> Hi all,
> I'm trying to understand a stranger's behaviour regarding to ovn-controller/OVS.
> In my setup I have OVN 21.09/ OVS 2.16 and Ubuntu Xena and sometimes when a new VM is created, this VM can reach other VMs in east-west traffic (even in differents Chassis) but it can't reach an external network (e.g.
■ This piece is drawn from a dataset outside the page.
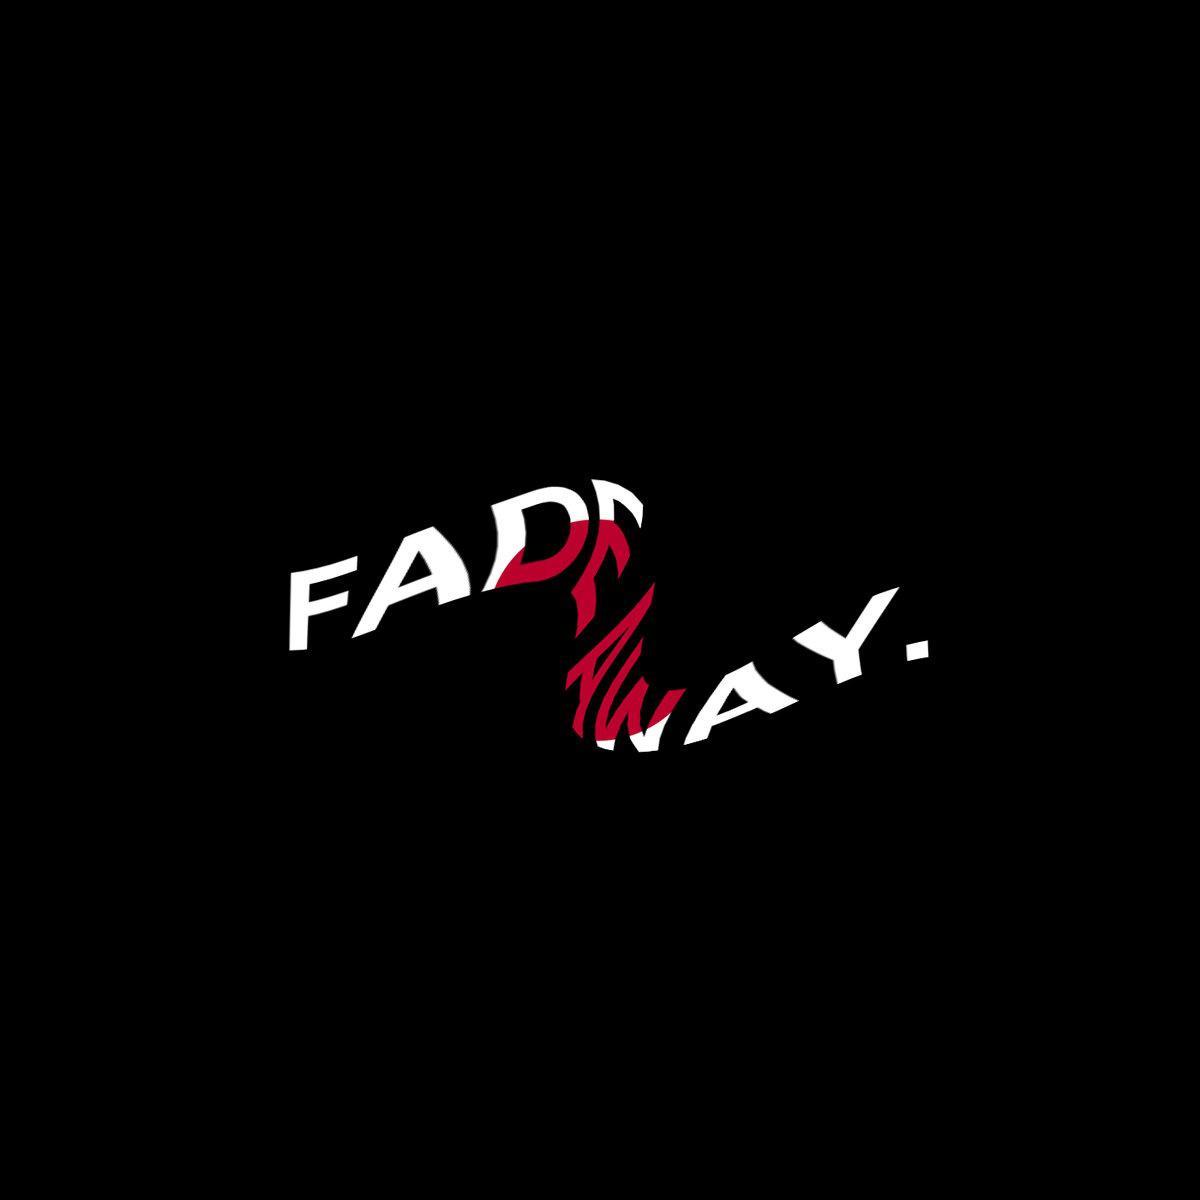 fadeaway钢琴谱简谱

Internet) through Chassi Gateway.
> I ran the following trace:
> # ovs-appctl ofproto/trace br-int in_port="93",icmp,dl_src=fa:16:3e:26:34:ef,dl_dst=fa:16:3e:65:68:6e,nw_src=,nw_dst=,nw_ttl=64
> And I got this output:
> Final flow: recirc_id=0xc157b1,eth,icmp,reg0=0x300,reg11=0xd,reg12=0x10,reg13=0xf,reg14=0x3,reg15=0x2,metadata=0x29,in_port=93,vlan_tci=0x0000,dl_src=fa:16:3e:26:34:ef,dl_dst=fa:16:3e:65:68:6e,nw_src=,nw_dst=,nw_tos=0,nw_ecn=0,nw_ttl=64,icmp_type=0,icmp_code=0
> Megaflow: recirc_id=0xc157b1,ct_state=+new-est-rel-rpl-inv+trk,ct_label=0/0x1,eth,icmp,in_port=93,dl_src=fa:16:3e:26:34:ef,dl_dst=fa:16:3e:65:68:6e,nw_src=,nw_dst=,nw_ttl=64,nw_frag=no
> Datapath actions: ct(commit,zone=15,label=0/0x1,nat(src)),set(eth(src=fa:16:3e:ec:7f:dd,dst=00:00:00:00:00:00)),set(ipv4(ttl=63)),userspace(pid=3451843211,controller(reason=1,dont_send=1,continuation=0,recirc_id=12670898,rule_cookie=0x3e26215e,controller_id=0,max_len=65535))
> It seems the Datapath is querying the controller and I did not understand the reason.
> So, I did an ovn-controller recompute (ovn-appctl -t ovn-controller recompute) on the Chassi where the VM is placed to check if it could change the behaviour and I could trace the packet with success and the VM started to communicate with the Internet normally:
> Final flow: recirc_id=0x2,eth,icmp,reg0=0x300,reg11=0xd,reg12=0x10,reg13=0xf,reg14=0x3,reg15=0x2,metadata=0x29,in_port=93,vlan_tci=0x0000,dl_src=fa:16:3e:26:34:ef,dl_dst=fa:16:3e:65:68:6e,nw_src=,nw_dst=,nw_tos=0,nw_ecn=0,nw_ttl=64,icmp_type=0,icmp_code=0
> Megaflow: recirc_id=0x2,ct_state=+new-est-rel-rpl-inv+trk,ct_label=0/0x1,eth,icmp,tun_id=0/0xffffff,tun_metadata0=NP,in_port=93,dl_src=fa:16:3e:26:34:ef,dl_dst=fa:16:3e:65:68:6e,nw_src=,nw_dst=,nw_ecn=0,nw_ttl=64,nw_frag=no
> Datapath actions: ct(commit,zone=15,label=0/0x1,nat(src)),set(tunnel(tun_id=0x2a,dst=10.X6.X3.133,ttl=64,tp_dst=6081,geneve({class=0x102,type=0x80,len=4,0x30002}),flags(df|csum|key))),set(eth(src=fa:16:3e:ec:7f:dd,dst=00:00:5e:00:04:00)),set(ipv4(ttl=63)),2
> The Datapath action is using the tunnel with the Chassi Gateway.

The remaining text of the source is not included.